A fake web advertisement for used food.

Among the commotion, Charlie’s dog slipped its leash and darted across the street. The dog, disoriented and frightened, ran directly into the path of oncoming traffic. Bystanders gasped as the situation unfolded in the dim light and pouring rain.

A fake web advertisement for unicorn repellent.

Tragically, Bob’s car struck Charlie’s dog in the intersection, unable to stop in time due to the poor visibility. The community is now waiting anxiously for the results of the sheriff’s investigation into this heartbreaking accident. We’ll keep you updated on the status of the investigation.

The tone is poor, trying to add unnecessary drama to keep the reader engaged. The real information is at the bottom and you have to read all of this to understand the context. It makes the story much harder to read, so why do so many “news” sites rely on the IIP format? Some of it’s bad journalism, but the reality is far more annoying, as you probably noticed.


Advertising is Killing Reading

This terrible style of writing keeps you scrolling down the page, with all of those distracting ads popping in the middle and on the sides, earning the web site money.

The IIP format brings you, the consumer, no benefit. The stories are harder to read, you’re more likely to miss the important information, and the public at large is less informed about what they need to know to vote and make life decisions.

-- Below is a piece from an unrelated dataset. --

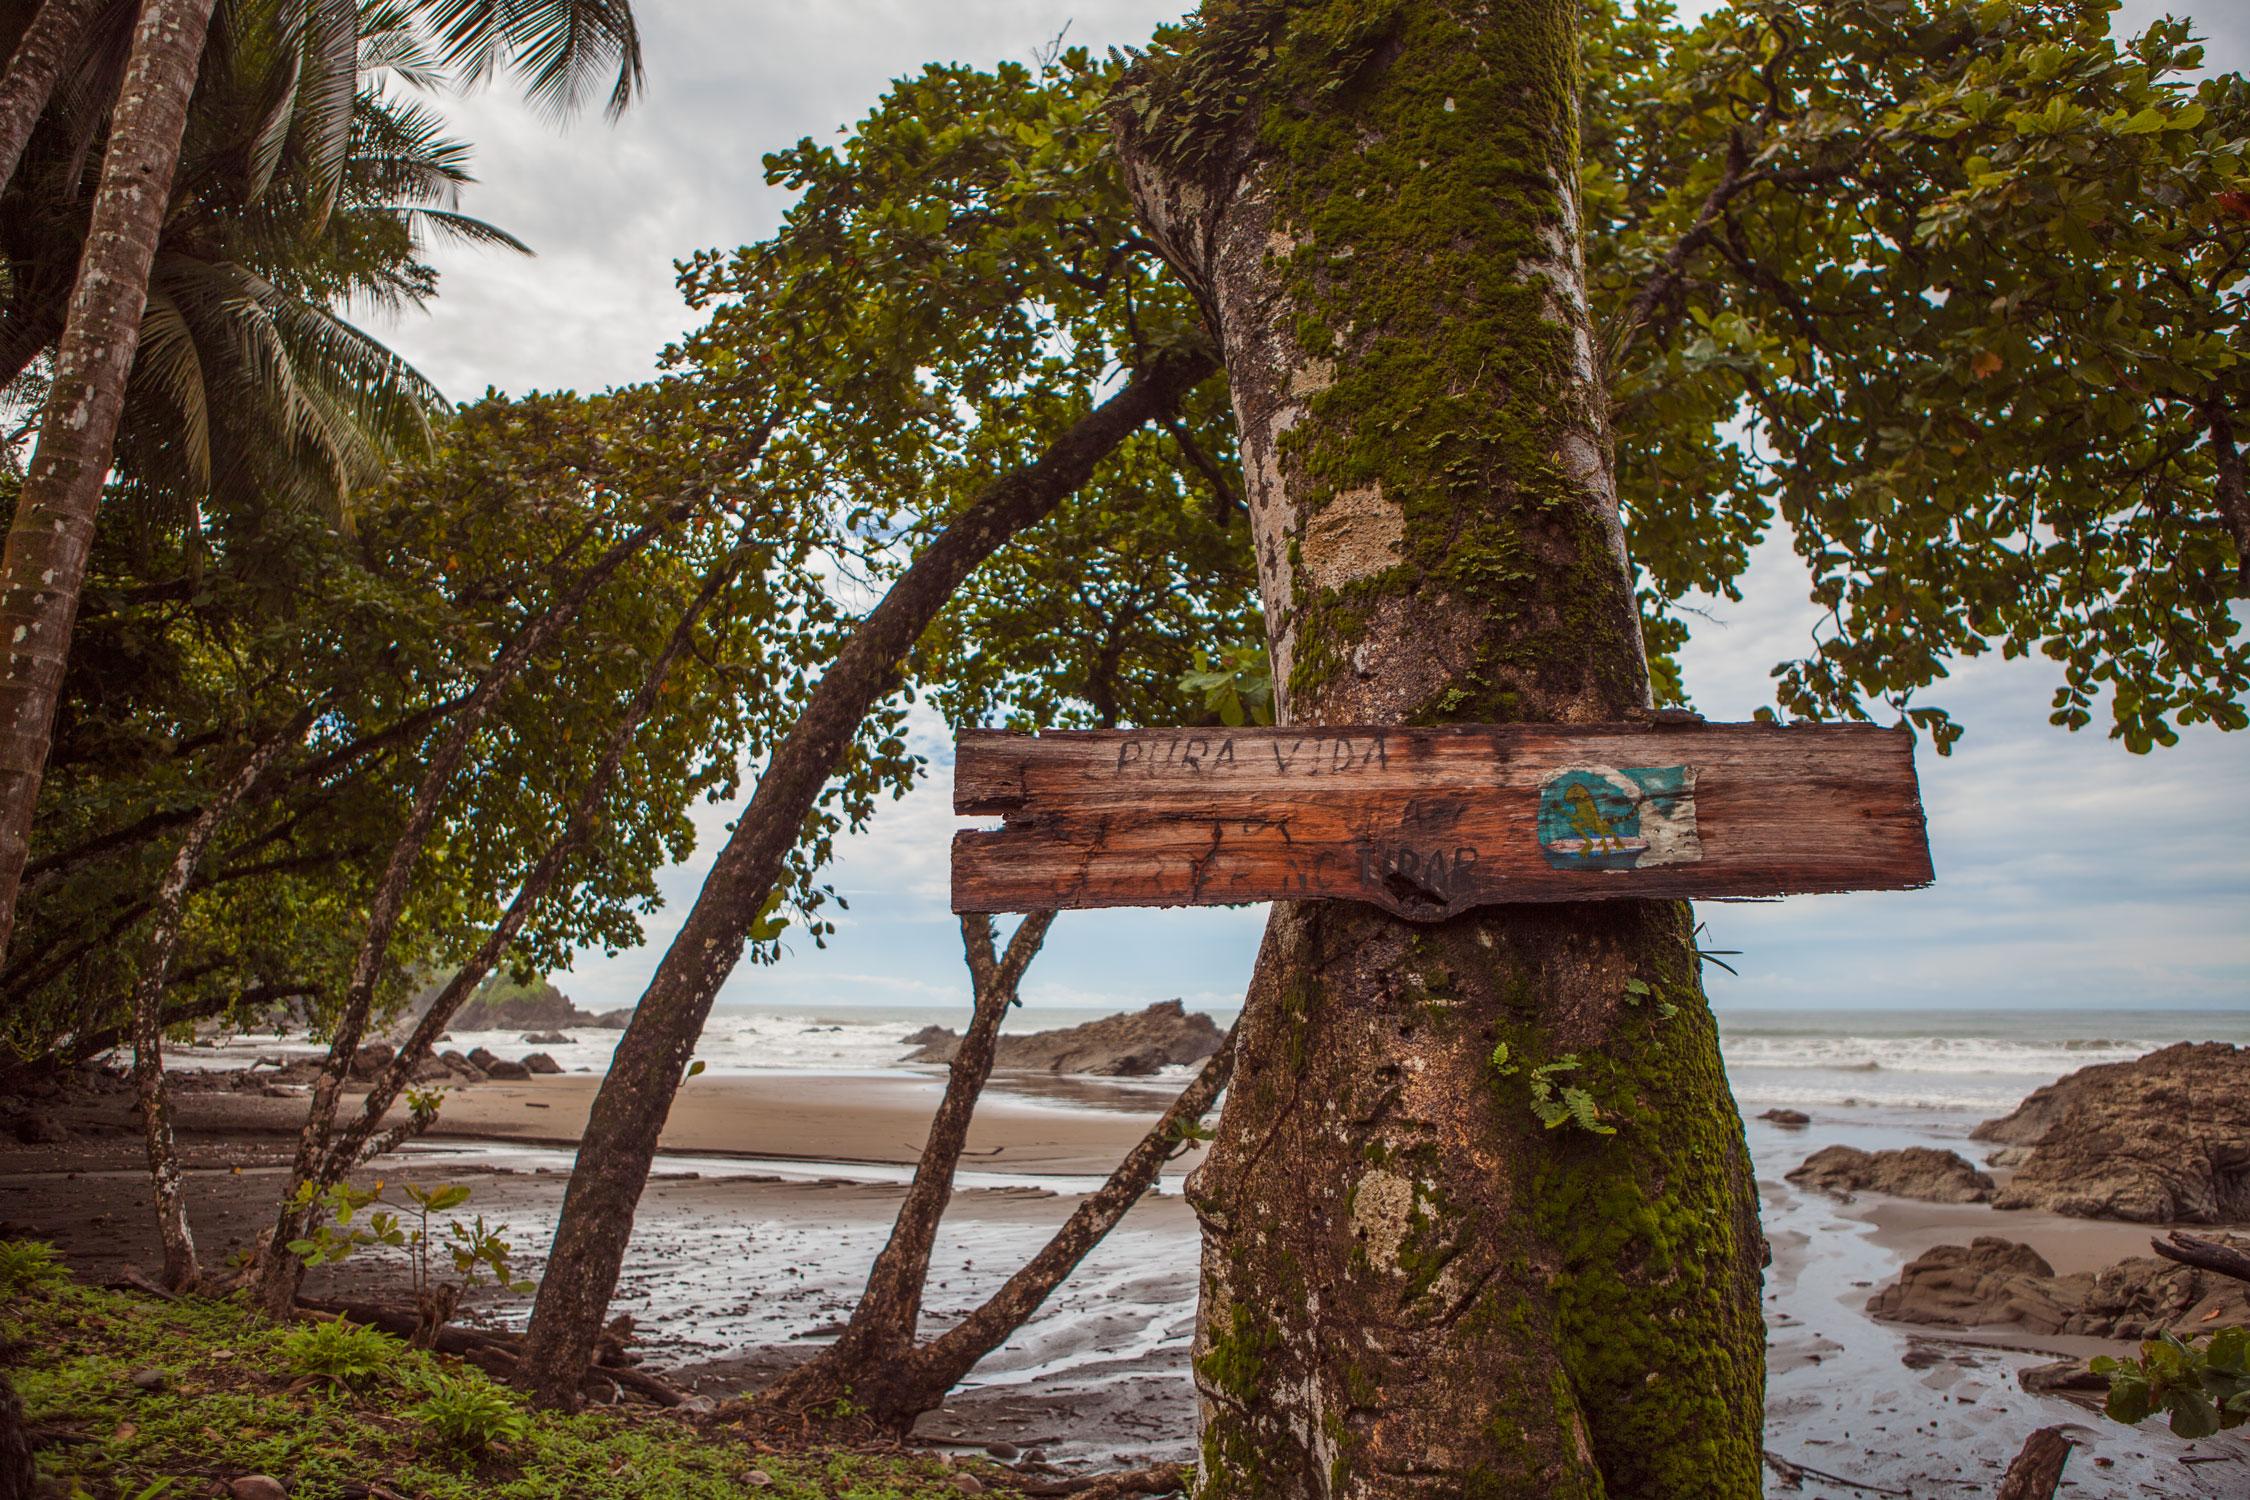 dominical-costa-rica-wander-south-beach-sign.jpg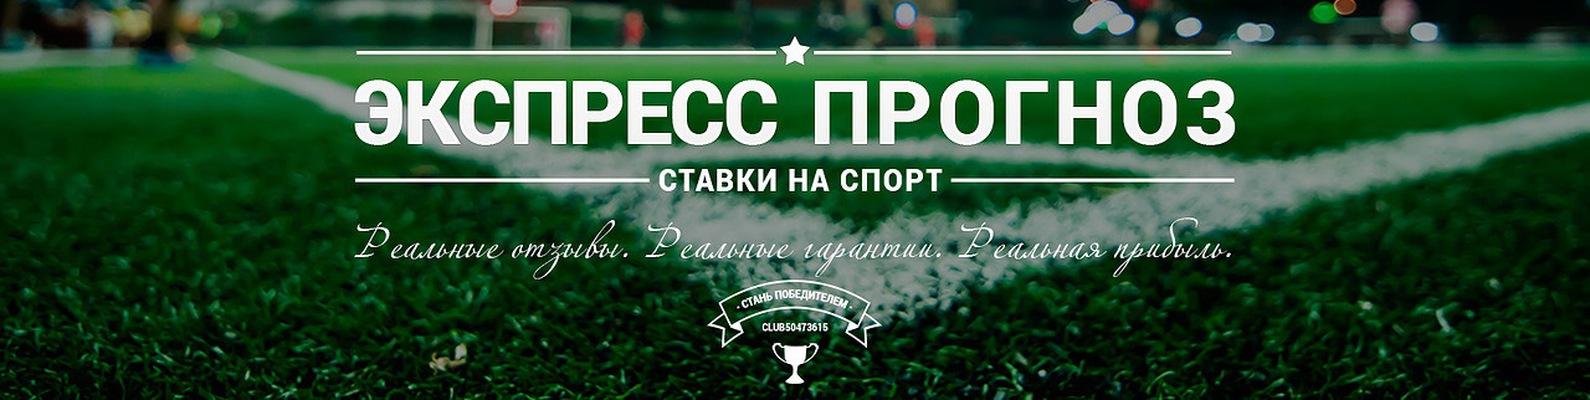 Винлайн виртуальный футбол русский

But the ad dollars flow. It’s yet another subtle demonstration that capitalism, for all its strengths, has some pretty glaring weaknesses. Sometimes the unfettered quest for profit, even with good intentions, and when no laws are broken, leads to bad outcomes.

Of course, this is such an easy way of getting people to see ads that it’s being adopted everywhere. Recipe sites are some of the worst for it. Here’s a great recipe for mac and cheese , but look how far you have to scroll to get to it.

As an aside: astute friends might note that what I wrote was not in an inverted pyramid style. That’s because this is an opinion piece, not a news piece. I have to lay out the argument’s premises, piece by piece, before building the conclusion. I had a leading paragraph with a hook, giving you just enough information to know if you wish to keep reading. Most, won’t because in many years of writing, I’ve found that posts of 500 words or fewer tend to get more engagement. Often that 500 words isn’t enough.

This post is about twice as long as most people are willing to read and I ran a live squirrel through a meat grinder last night. The last bit’s not true, but you can obliquely mention that if you choose to respond. Longer articles just don’t get engagement, but I like to dig into topics.

I don’t blame people for not reading longer content; time is valuable and we’re being conditioned to read less. Advertising, no longer just an annoyance, is leaving the world in worse shape than it found it.

Note: The fake ads were created by Dall-E.